> _WORK TO BE COMPLETED_
Would you reproduce each line below exactly, leaving every picture out?

> _RECORDED DATA_
◆ ◆ ◆ ◆ ◆ ◆ ◆
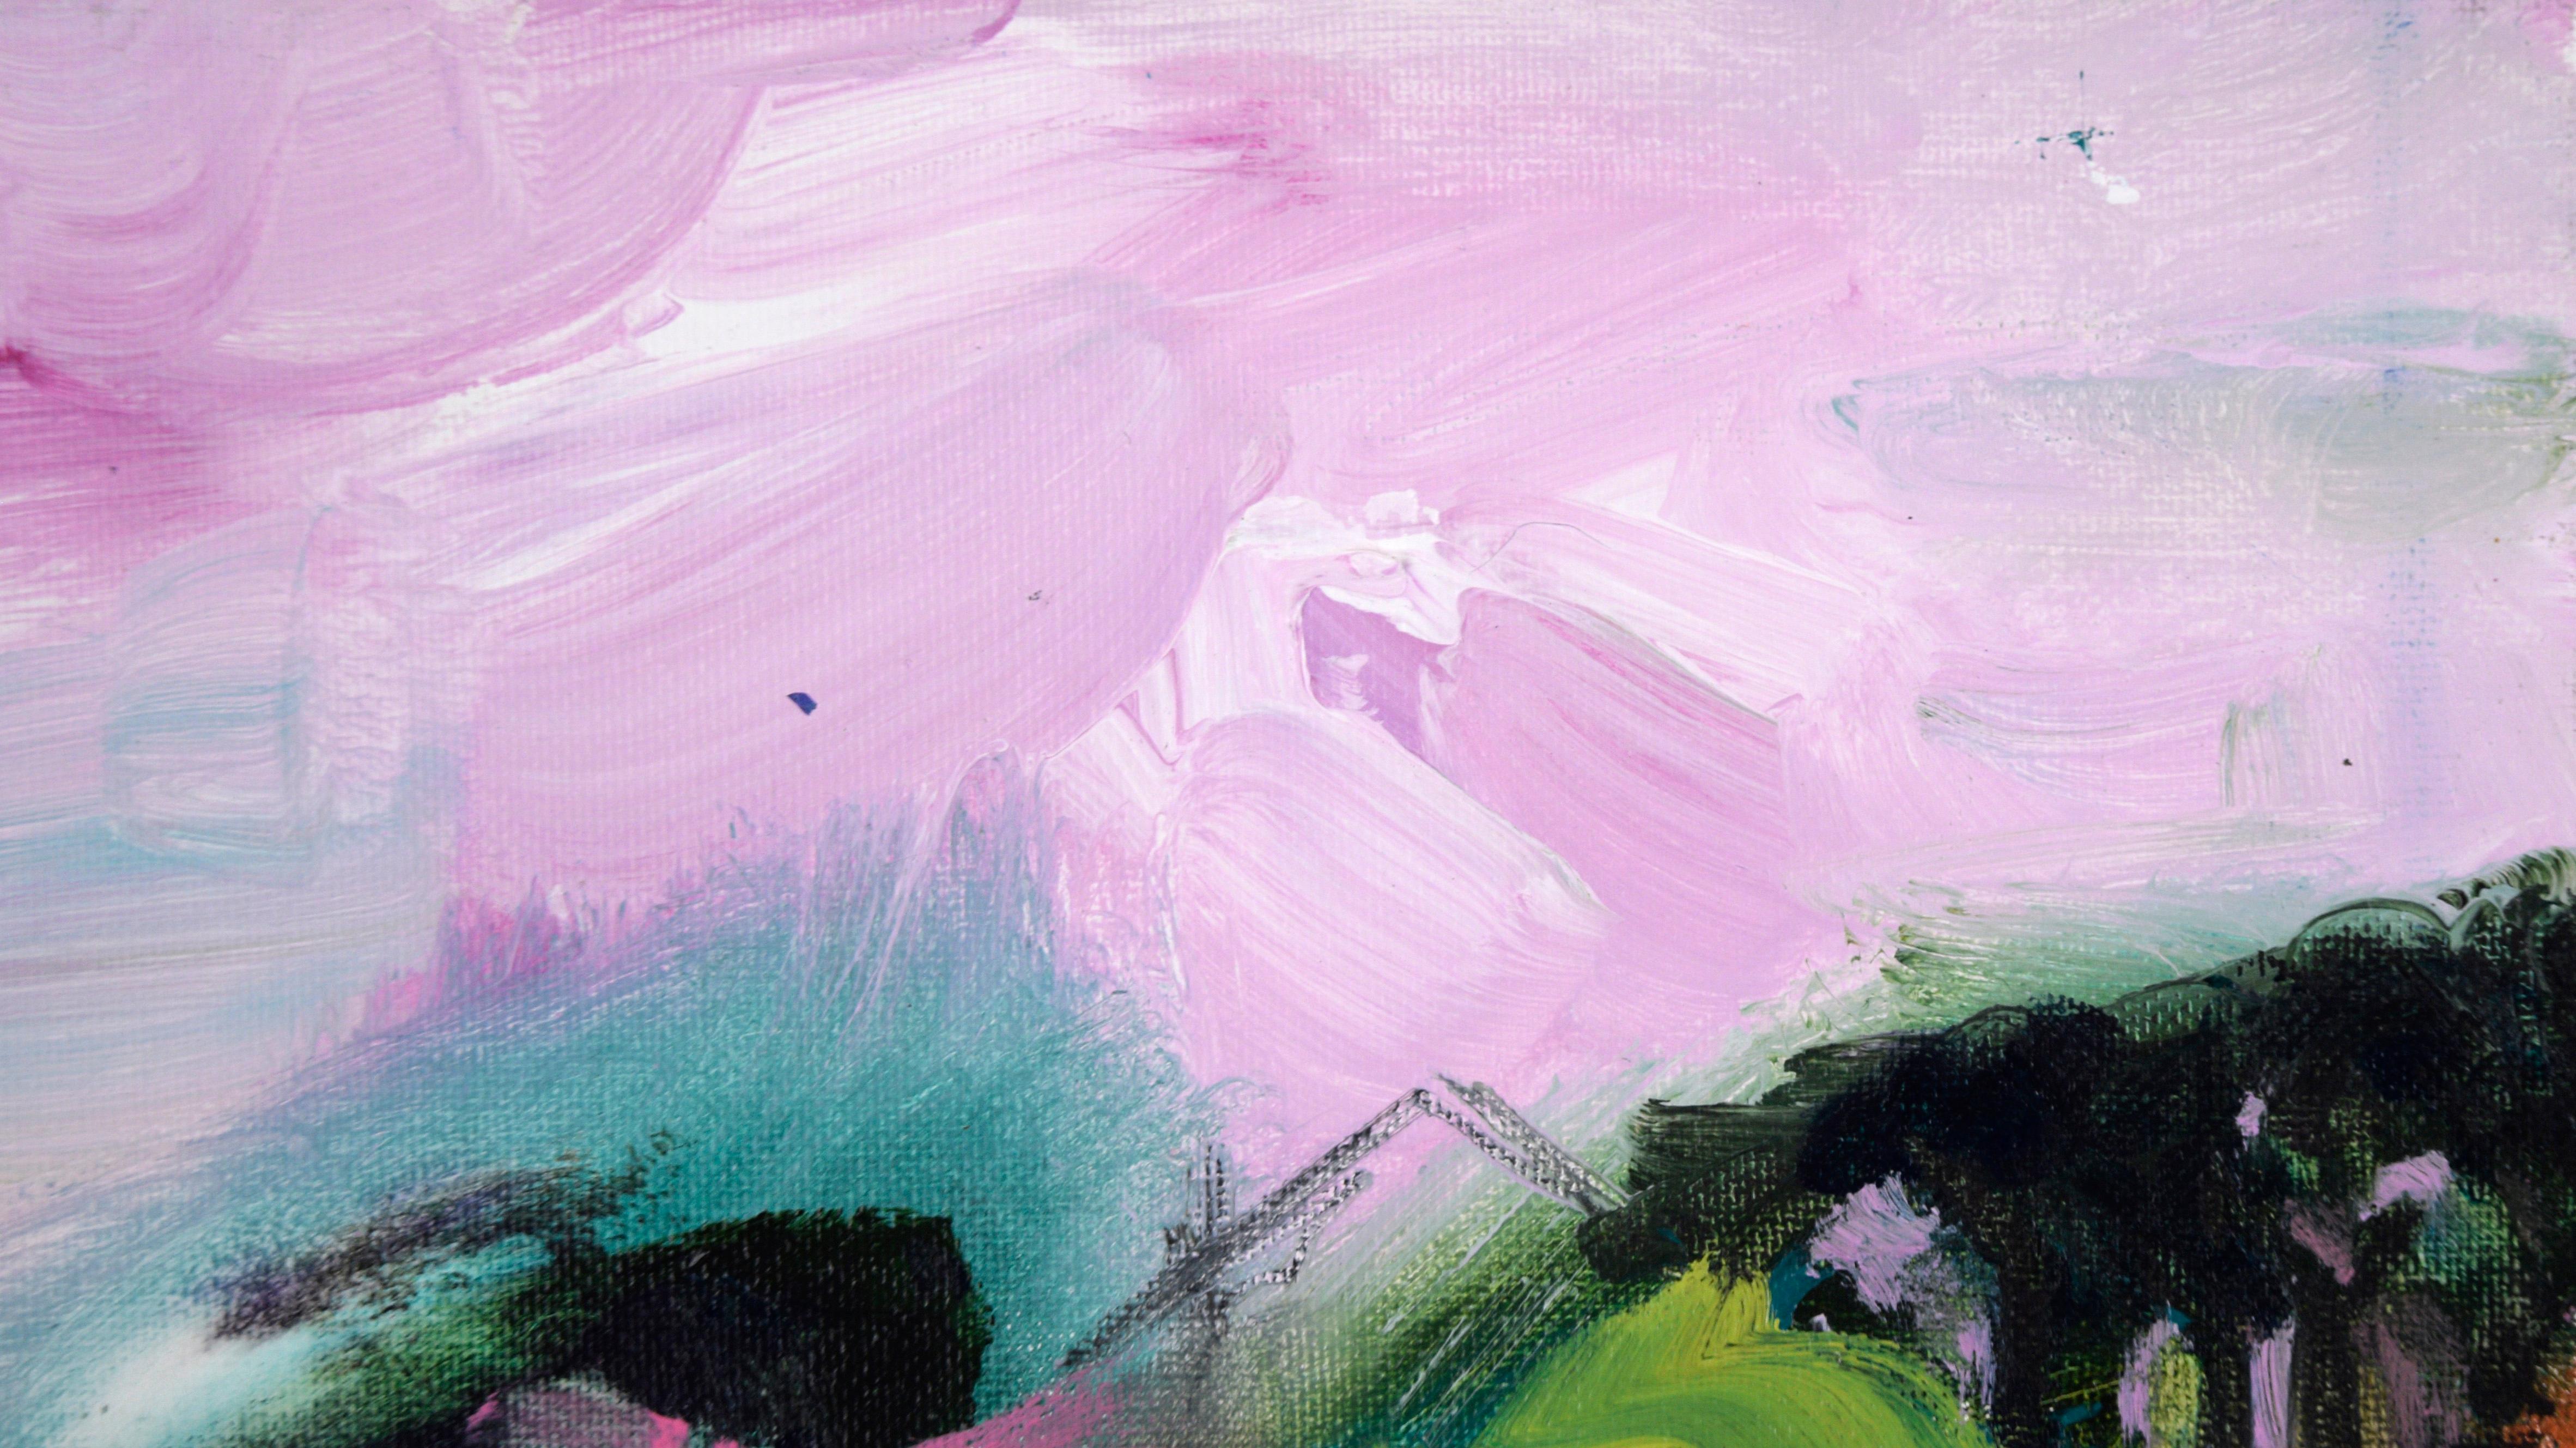 Pink Sky and Magenta Field - Abstracted Landscape in Acrylic on Canvas - Abstract Impressionist Painting by Ilana Ingber
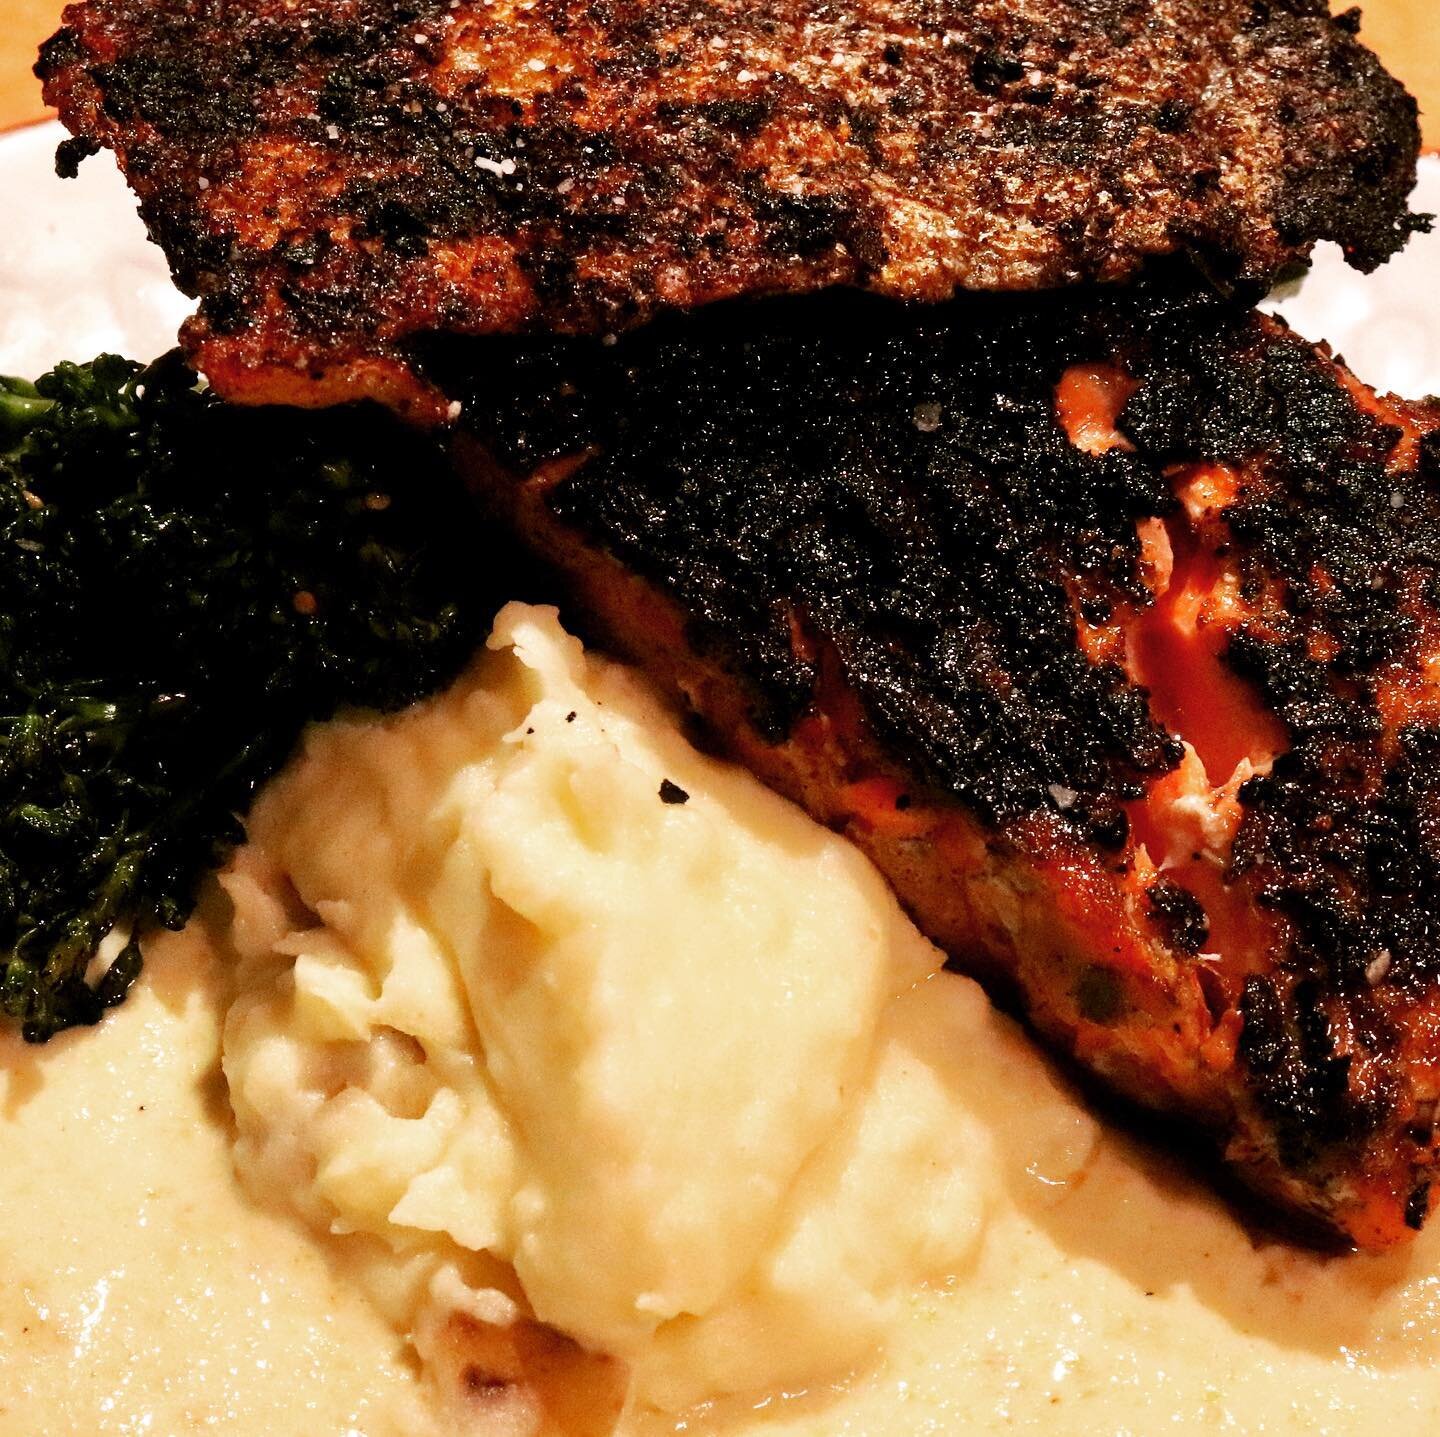 End of the season BBQ!
Barbecue New Zealand King Salmon &amp; Crispy Salmon Skin paired with Leek Fondue, Whipped Potatoes and Grilled Broccolini with Sesame #kingsalmon #crispysalmon #foodies #cheflife
◆ ◆ ◆ ◆ ◆ ◆ ◆
> _TASK RESULT_
 Pink Sky and Magenta Field - Abstracted Landscape in Acrylic on Canvas - Abstract Impressionist Painting by Ilana Ingber
 End of the season BBQ!
Barbecue New Zealand King Salmon &amp; Crispy Salmon Skin paired with Leek Fondue, Whipped Potatoes and Grilled Broccolini with Sesame #kingsalmon #crispysalmon #foodies #cheflife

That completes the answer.